Davalı, yanıt vermemiştir.

Mahkemece, davalının üçüncü kişi konumunda olduğu, T.M.K."nun 1023 ve 1025/2.maddelerinden yararlanacağı gerekçeleriyle davanın reddine karar verilmiştir.

Karar, davacı vekili tarafından süresinde temyiz edilmiş olmakla; Tetkik Hakimi Sadettin Akyol"un raporu okundu, düşüncesi alındı. Dosya incelendi, gereği görüşülüp, düşünüldü.

KARAR

Dava, yolsuz tescil nedeniyle sicil kaydının düzeltilmesi isteğine ilişkindir.

Mahkemece, son kayıt maliki davalının iyiniyetli üçüncü kişi konumunda olduğu gerekçesiyle davanın reddine karar verilmiştir.

Dosya içeriği ve toplanan delillerden; davacı Hazine, Mahkeme"nin 26.6.1997 tarih 1996/318 Es. 1997/359 Kr. sayılı ilamının hatalı olarak sicile yansıtıldığını ve dava dışı şirket adına fazla pay yazıldığını, anılan şirketinde payını davalıya satış suretiyle temlik ettiğini ileri sürerek, Türk Medeni Kanununun 1025 ve 1007. maddesine dayanarak eldeki davayı açmıştır.

Her nekadar, tapu iptal ve tescil isteme hakkı kayıt maliki veya onun mirasçılarına ait ise de; Hazinenin Türk Medeni Kanununun 1007. maddesinden kaynaklanan tapu sicilinin tutulmasından doğan kusursuz sorumluluk ilkesine göre bütün zararlardan sorumlu olup, eldeki davayı açmakta hukuki yararının da bulunduğu kuşkusuzdur.

Böyle bir durumda; asıl kayıt maliklerinin tapu sicil tüzüğünün 85. maddesi uyarınca işlem yapılmasını sağlamaları mümkün olduğu gibi doğrudan dava açmak suretiyle tapu kaydının düzeltilmesini istemelerine yasal bir engel yoktur.

O halde, Mahkemenin yukarıda anılan ilamı ile lehine tescil kararı verilen A... Ş....ye ölmüşse mirasçılarına davanın ihbar edilmesi, dava açmaları halinde eldeki dava ile birleştirilmesi ve yürütülmesi zorunludur.
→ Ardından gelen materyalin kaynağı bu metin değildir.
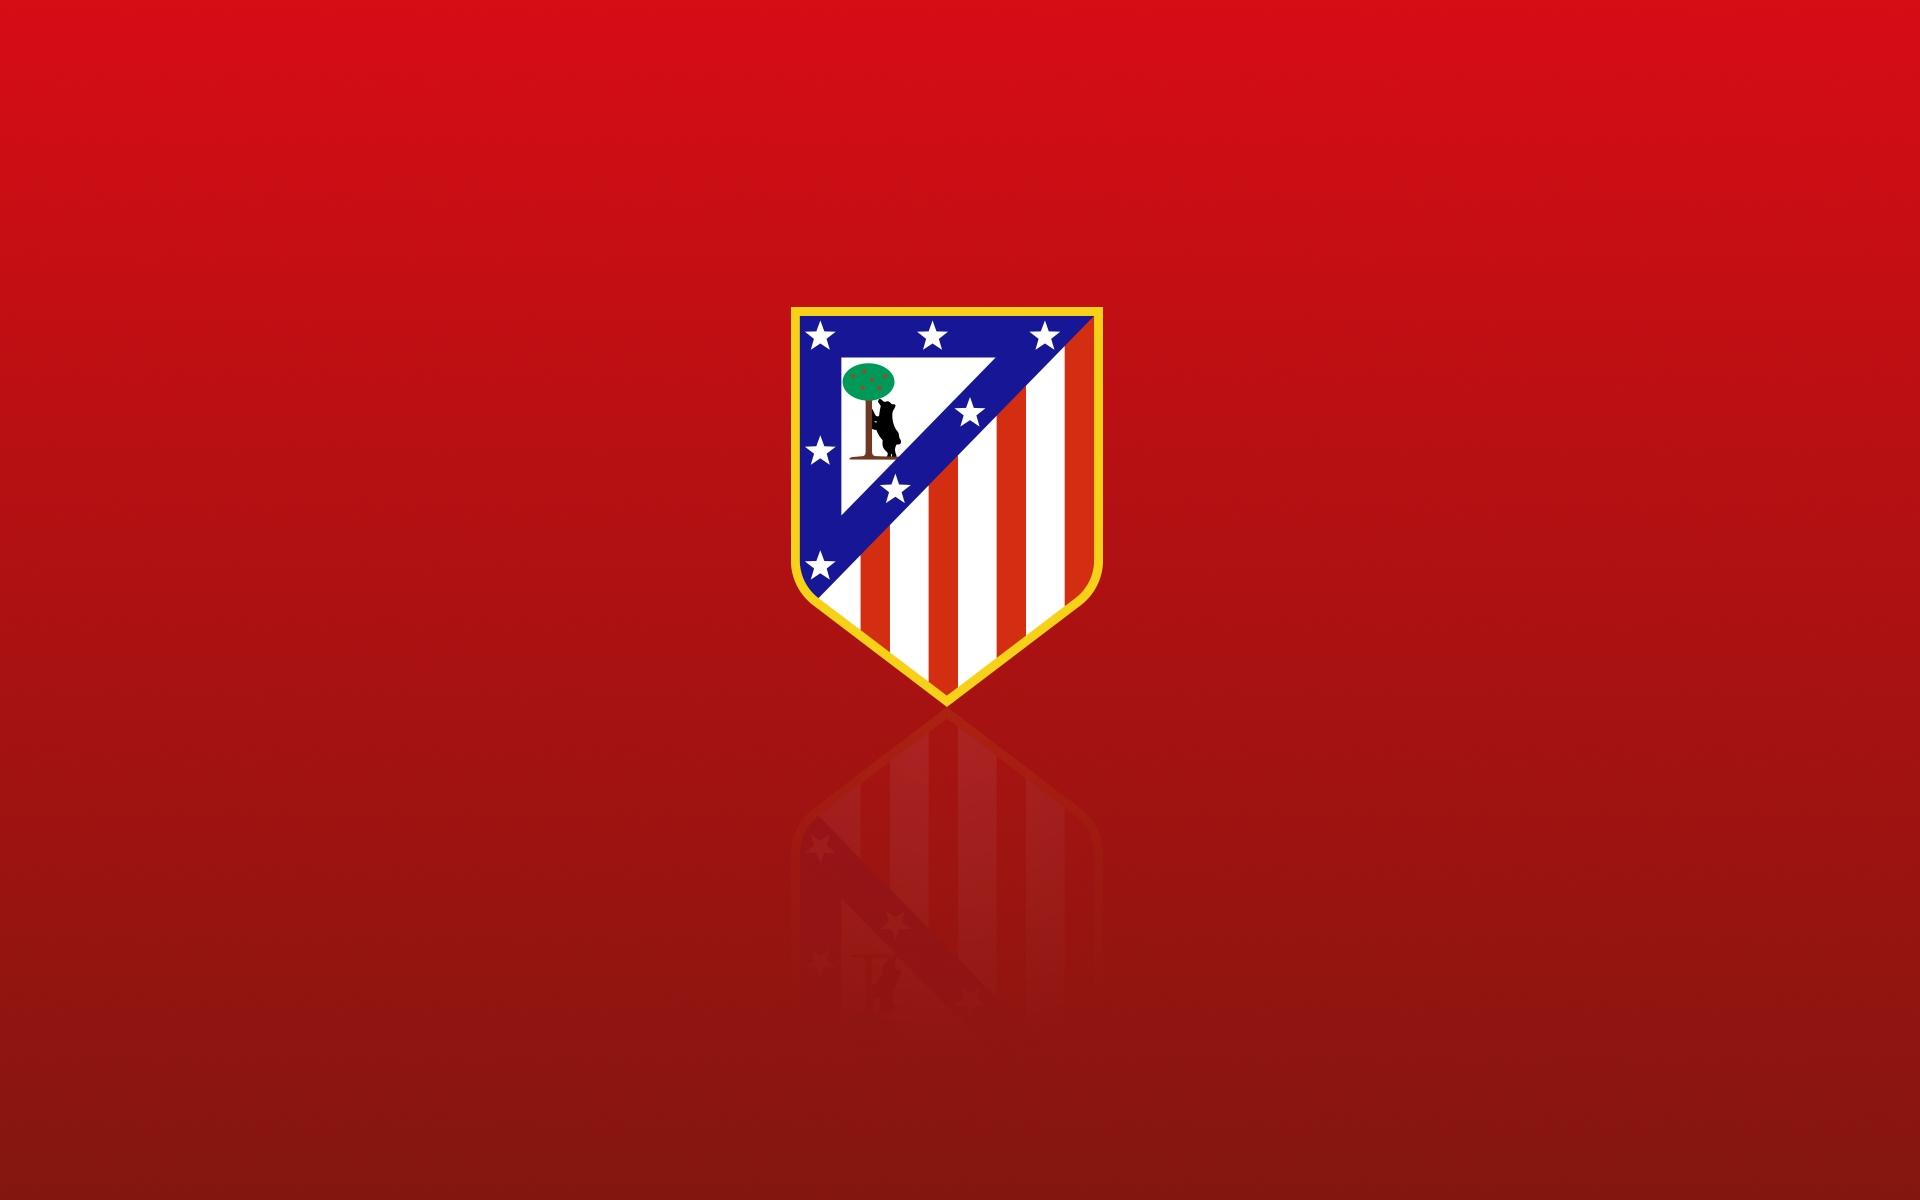 Atl233tico Madrid Logos Download 1920x1200

Bu usul kuralı gözardı edilerek hüküm kurulması isabetli değildir.

Kabule göre de; mahkemece son kayıt maliki iyiniyetli kabul edilmiş ise de bu yönde hükme yeterli bir inceleme ve araştırma yapıldığı da söylenemez.

Bilindiği üzere, Hukukumuzda, diğer çağdaş hukuk sistemlerinde olduğu gibi kişilerin huzur ve güven içerisinde alış verişte bulunmaları satın aldıkları şeylerin ilerde kendilerinden alınabileceği endişelerini taşımamaları, dolayısıyla toplum düzenini sağlamak düşüncesiyle, alan kişinin iyi niyetinin korunması ilkesi kabul edilmiştir. Bu amaçla Medeni Kanunun 2.maddesinin genel hükmü yanında menkul mallarda 988 ve 989, tapulu taşınmazların el değiştirmesinde ise 1023.maddesinin özel hükümleri getirilmiştir.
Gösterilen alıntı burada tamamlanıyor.